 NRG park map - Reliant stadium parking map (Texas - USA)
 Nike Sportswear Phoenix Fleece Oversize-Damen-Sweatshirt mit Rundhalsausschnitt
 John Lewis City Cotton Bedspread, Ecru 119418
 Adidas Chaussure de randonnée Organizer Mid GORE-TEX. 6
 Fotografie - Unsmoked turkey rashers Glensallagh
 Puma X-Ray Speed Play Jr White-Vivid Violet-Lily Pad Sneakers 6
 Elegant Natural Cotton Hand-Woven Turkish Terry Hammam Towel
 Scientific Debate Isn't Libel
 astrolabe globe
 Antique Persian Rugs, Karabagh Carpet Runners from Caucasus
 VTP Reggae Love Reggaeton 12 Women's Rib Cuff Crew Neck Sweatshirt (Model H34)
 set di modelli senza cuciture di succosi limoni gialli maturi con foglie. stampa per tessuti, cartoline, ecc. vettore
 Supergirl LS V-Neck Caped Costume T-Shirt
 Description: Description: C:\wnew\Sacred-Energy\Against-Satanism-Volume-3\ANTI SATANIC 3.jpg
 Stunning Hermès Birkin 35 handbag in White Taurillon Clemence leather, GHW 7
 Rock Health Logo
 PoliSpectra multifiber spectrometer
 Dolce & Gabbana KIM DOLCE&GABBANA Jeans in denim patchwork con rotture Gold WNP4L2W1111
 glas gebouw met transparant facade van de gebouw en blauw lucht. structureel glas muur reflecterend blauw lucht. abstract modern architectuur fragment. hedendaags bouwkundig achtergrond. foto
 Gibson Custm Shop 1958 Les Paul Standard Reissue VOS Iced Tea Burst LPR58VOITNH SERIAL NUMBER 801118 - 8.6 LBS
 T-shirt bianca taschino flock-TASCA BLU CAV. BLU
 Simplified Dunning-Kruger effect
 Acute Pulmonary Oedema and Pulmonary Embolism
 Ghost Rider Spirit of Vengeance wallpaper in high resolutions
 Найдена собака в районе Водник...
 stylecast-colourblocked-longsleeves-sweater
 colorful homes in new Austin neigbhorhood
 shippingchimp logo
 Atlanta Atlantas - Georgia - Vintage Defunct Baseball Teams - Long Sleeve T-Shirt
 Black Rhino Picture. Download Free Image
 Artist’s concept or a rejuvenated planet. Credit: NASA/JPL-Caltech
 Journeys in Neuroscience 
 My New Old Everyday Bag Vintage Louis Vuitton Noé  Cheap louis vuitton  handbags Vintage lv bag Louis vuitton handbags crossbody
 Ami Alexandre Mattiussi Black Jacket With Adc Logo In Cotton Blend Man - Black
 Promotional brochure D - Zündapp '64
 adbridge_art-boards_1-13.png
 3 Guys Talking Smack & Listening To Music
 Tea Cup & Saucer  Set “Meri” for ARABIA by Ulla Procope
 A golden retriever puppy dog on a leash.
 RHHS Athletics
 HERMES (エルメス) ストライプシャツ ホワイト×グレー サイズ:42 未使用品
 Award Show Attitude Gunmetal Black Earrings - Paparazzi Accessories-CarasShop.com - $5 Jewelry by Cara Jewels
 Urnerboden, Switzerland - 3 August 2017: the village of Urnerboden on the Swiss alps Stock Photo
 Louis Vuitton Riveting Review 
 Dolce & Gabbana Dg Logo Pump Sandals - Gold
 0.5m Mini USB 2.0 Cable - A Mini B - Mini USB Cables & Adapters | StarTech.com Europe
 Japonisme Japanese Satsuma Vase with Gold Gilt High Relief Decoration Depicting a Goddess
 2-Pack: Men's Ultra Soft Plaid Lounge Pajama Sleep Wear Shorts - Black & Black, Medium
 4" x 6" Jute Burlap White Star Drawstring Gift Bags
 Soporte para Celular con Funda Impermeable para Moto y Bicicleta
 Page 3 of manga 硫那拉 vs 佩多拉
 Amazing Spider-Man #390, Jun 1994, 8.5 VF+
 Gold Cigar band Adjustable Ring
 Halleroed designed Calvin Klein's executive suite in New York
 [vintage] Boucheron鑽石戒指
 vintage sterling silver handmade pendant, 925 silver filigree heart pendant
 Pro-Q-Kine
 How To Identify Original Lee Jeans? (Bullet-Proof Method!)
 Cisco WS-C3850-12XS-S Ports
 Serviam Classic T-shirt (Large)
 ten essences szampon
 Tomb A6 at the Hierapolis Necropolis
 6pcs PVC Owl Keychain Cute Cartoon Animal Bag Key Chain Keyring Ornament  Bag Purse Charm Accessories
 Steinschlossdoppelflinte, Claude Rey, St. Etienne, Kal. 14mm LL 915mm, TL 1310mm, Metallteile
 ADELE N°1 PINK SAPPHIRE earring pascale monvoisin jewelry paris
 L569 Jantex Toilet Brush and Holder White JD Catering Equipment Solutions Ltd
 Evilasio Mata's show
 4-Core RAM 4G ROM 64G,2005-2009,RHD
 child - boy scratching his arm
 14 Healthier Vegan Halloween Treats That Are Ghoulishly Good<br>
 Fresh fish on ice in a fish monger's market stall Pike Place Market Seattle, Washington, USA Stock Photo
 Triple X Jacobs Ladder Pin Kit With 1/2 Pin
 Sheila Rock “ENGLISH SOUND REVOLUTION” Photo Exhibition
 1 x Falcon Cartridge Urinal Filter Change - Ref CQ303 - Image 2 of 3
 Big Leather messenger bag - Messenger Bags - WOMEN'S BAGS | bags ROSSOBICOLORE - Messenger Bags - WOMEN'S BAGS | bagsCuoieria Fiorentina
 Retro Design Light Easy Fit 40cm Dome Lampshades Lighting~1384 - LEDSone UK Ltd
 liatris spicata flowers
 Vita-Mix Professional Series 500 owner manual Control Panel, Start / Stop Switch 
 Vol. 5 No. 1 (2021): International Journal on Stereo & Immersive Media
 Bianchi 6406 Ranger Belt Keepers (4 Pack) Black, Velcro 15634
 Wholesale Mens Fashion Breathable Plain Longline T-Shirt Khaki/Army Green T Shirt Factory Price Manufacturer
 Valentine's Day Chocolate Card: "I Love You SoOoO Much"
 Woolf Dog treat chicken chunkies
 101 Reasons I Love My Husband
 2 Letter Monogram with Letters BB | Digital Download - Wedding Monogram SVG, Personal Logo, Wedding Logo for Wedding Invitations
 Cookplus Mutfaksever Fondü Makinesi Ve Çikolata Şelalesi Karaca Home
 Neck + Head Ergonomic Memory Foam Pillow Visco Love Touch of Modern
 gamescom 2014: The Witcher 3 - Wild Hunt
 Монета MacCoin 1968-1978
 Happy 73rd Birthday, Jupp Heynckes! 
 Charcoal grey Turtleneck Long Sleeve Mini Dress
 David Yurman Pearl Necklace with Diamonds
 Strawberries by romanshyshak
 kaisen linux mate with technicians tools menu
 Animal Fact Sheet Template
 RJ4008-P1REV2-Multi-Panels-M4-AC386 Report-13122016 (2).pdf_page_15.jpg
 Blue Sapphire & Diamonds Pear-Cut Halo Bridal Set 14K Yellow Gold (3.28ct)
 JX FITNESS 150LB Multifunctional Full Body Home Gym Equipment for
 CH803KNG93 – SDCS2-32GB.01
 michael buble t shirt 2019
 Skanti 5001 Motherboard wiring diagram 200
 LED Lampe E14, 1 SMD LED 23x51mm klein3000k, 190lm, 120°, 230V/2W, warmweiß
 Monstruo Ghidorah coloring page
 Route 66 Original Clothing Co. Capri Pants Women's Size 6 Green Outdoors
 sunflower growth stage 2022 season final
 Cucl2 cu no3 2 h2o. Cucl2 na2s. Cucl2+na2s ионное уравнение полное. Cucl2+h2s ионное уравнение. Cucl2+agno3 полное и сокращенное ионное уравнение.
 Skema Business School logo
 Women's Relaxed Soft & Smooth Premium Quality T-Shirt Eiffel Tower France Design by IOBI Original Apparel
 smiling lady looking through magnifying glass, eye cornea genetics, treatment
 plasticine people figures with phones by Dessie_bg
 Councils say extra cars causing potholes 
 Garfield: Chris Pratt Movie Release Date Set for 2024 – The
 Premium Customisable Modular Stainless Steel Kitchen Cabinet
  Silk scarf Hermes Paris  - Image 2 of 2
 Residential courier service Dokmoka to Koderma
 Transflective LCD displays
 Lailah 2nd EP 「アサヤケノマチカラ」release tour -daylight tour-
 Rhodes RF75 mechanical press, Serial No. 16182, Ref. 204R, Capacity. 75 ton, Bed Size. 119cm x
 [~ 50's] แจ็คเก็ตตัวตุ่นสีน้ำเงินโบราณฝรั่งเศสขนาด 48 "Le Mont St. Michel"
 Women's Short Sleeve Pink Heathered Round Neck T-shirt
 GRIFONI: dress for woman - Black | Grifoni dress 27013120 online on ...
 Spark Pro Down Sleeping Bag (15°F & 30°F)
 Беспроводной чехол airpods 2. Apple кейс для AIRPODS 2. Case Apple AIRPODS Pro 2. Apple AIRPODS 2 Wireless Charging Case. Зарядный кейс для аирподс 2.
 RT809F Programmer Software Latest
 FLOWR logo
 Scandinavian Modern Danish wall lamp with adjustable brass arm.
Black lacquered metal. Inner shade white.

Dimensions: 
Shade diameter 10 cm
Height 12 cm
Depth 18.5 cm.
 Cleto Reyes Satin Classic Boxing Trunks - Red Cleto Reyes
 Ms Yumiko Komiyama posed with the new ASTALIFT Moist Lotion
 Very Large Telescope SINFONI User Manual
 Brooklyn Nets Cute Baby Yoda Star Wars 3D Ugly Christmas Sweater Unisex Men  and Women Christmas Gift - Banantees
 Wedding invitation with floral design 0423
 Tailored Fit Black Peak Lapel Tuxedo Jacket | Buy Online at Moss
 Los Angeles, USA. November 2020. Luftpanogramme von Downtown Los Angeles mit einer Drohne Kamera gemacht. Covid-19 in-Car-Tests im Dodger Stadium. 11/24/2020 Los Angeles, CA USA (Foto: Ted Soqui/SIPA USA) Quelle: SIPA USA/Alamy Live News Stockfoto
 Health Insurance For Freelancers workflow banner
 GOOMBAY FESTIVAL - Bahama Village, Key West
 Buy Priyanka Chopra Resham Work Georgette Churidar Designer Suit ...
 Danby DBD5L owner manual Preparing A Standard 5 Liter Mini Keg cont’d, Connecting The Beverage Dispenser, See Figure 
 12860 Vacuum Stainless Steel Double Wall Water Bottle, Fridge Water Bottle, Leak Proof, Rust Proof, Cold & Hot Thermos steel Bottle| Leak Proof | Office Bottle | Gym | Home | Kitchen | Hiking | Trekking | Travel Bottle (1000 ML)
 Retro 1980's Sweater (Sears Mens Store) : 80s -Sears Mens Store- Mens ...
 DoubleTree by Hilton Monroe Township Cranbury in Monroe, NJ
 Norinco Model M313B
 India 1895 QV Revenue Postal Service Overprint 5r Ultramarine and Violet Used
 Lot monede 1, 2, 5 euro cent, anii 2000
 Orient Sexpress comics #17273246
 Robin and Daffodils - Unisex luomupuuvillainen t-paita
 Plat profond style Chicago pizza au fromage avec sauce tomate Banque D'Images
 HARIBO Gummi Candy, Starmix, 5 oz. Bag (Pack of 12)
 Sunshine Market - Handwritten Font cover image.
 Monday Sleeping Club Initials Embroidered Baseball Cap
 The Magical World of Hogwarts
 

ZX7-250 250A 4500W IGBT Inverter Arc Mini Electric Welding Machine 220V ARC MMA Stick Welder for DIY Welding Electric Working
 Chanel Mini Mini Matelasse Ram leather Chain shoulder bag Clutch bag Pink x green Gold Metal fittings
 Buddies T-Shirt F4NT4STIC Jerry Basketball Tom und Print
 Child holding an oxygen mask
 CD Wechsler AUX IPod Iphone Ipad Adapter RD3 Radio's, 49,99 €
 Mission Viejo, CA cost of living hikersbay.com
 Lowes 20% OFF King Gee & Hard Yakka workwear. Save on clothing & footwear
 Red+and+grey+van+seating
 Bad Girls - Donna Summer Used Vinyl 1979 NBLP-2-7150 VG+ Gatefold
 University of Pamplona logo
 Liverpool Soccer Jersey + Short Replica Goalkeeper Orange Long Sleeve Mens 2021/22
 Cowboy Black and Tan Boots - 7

WHAT YOU HAVE TO DO: Beginning at the first line of the records, give again each line exactly as written, ending with the line that contains "shippingchimp logo".

ANSWER SECTION:
 NRG park map - Reliant stadium parking map (Texas - USA)
 Nike Sportswear Phoenix Fleece Oversize-Damen-Sweatshirt mit Rundhalsausschnitt
 John Lewis City Cotton Bedspread, Ecru 119418
 Adidas Chaussure de randonnée Organizer Mid GORE-TEX. 6
 Fotografie - Unsmoked turkey rashers Glensallagh
 Puma X-Ray Speed Play Jr White-Vivid Violet-Lily Pad Sneakers 6
 Elegant Natural Cotton Hand-Woven Turkish Terry Hammam Towel
 Scientific Debate Isn't Libel
 astrolabe globe
 Antique Persian Rugs, Karabagh Carpet Runners from Caucasus
 VTP Reggae Love Reggaeton 12 Women's Rib Cuff Crew Neck Sweatshirt (Model H34)
 set di modelli senza cuciture di succosi limoni gialli maturi con foglie. stampa per tessuti, cartoline, ecc. vettore
 Supergirl LS V-Neck Caped Costume T-Shirt
 Description: Description: C:\wnew\Sacred-Energy\Against-Satanism-Volume-3\ANTI SATANIC 3.jpg
 Stunning Hermès Birkin 35 handbag in White Taurillon Clemence leather, GHW 7
 Rock Health Logo
 PoliSpectra multifiber spectrometer
 Dolce & Gabbana KIM DOLCE&GABBANA Jeans in denim patchwork con rotture Gold WNP4L2W1111
 glas gebouw met transparant facade van de gebouw en blauw lucht. structureel glas muur reflecterend blauw lucht. abstract modern architectuur fragment. hedendaags bouwkundig achtergrond. foto
 Gibson Custm Shop 1958 Les Paul Standard Reissue VOS Iced Tea Burst LPR58VOITNH SERIAL NUMBER 801118 - 8.6 LBS
 T-shirt bianca taschino flock-TASCA BLU CAV. BLU
 Simplified Dunning-Kruger effect
 Acute Pulmonary Oedema and Pulmonary Embolism
 Ghost Rider Spirit of Vengeance wallpaper in high resolutions
 Найдена собака в районе Водник...
 stylecast-colourblocked-longsleeves-sweater
 colorful homes in new Austin neigbhorhood
 shippingchimp logo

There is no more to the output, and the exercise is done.